La preoccupa l’ambiente e la classifica?
“Non siamo nel posto che vogliamo. Stiamo lavorando in una forma onesta”.
Sacchi nel 1988 aveva una classifica simile alla sua, Berlusconi lo confermò. Dovrebbe farlo anche con lei la dirigenza?“Onestamente non ne ho bisogno. Dal primo giorno ho i giocatori con me, ogni giorno mi dimostrano che stanno con me e che credono nelle mie idee”.I tifosi chiedono ambizione. Il mercato può aiutare?“Penso che la squadra abbia avuto ambizione per vincere la partita. Non si vedono tante partite in Serie A di una squadra così offensiva come noi oggi. La squadra è stata ambiziosa”.Le serve qualcosa a gennaio?“Non è tempo per pensare a gennaio. Dobbiamo pensare a lavorare. Al tempo giusto.”
Le parole di Leao
Come avete vissuto la contestazione dei tifosi?
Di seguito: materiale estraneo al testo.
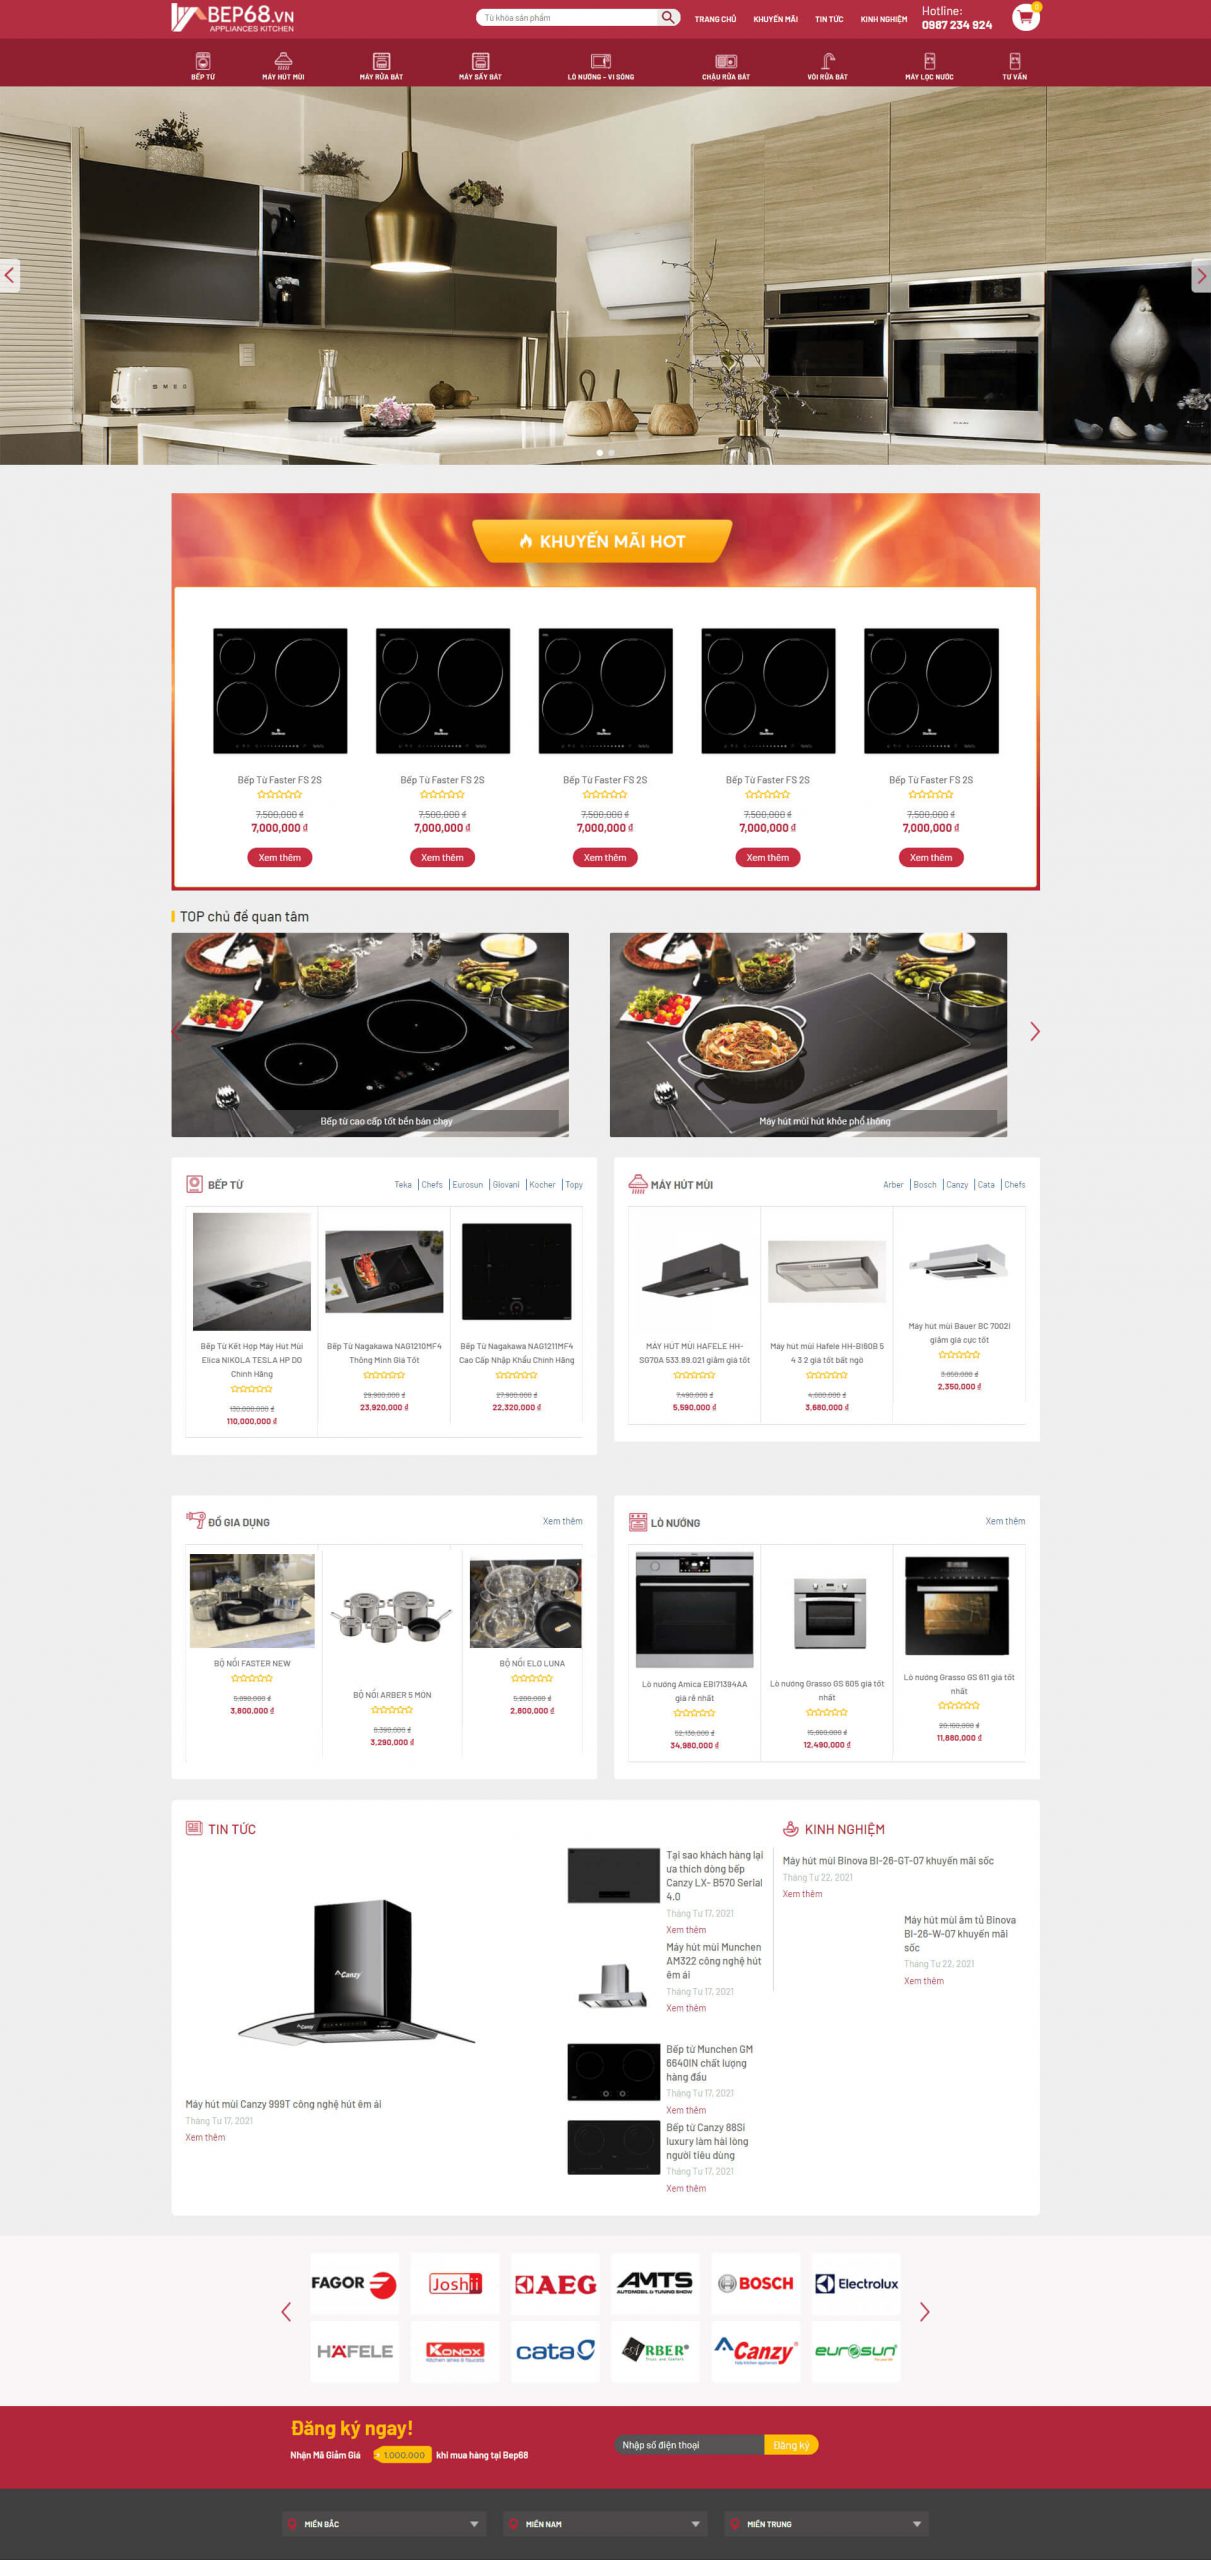 Thiết kế website ngành bếp – Bep68.com

“Ci ha fatto male. Oggi ci è mancato il gol, abbiamo creato tanto. Quando non vinci al Milan, è così. Abbiamo messo in difficoltà il Genoa, ma ci è mancato il gol. Certe vittorie cambiano tutto in classifica”.
Ti senti un leader?
“Io ho vinto lo Scudetto qui, cerco sempre di aiutare quello giovane. Oggi ci ho provato con Jimenez e Liberali. Quando sono arrivato qua, i più grandi mi hanno aiutato. Ora cerco di farlo io. E questo mi aiuta a crescere come giocatore e come uomo”.
Sei rimasto immobile a fine partita…
“Frustrazione. Perché non abbiamo vinto. Abbiamo fatto di tutto per vincere, anche chi è entrato. Ma non è già più tempo di pensare a oggi. Da domani pensiamo alla prossima partita”.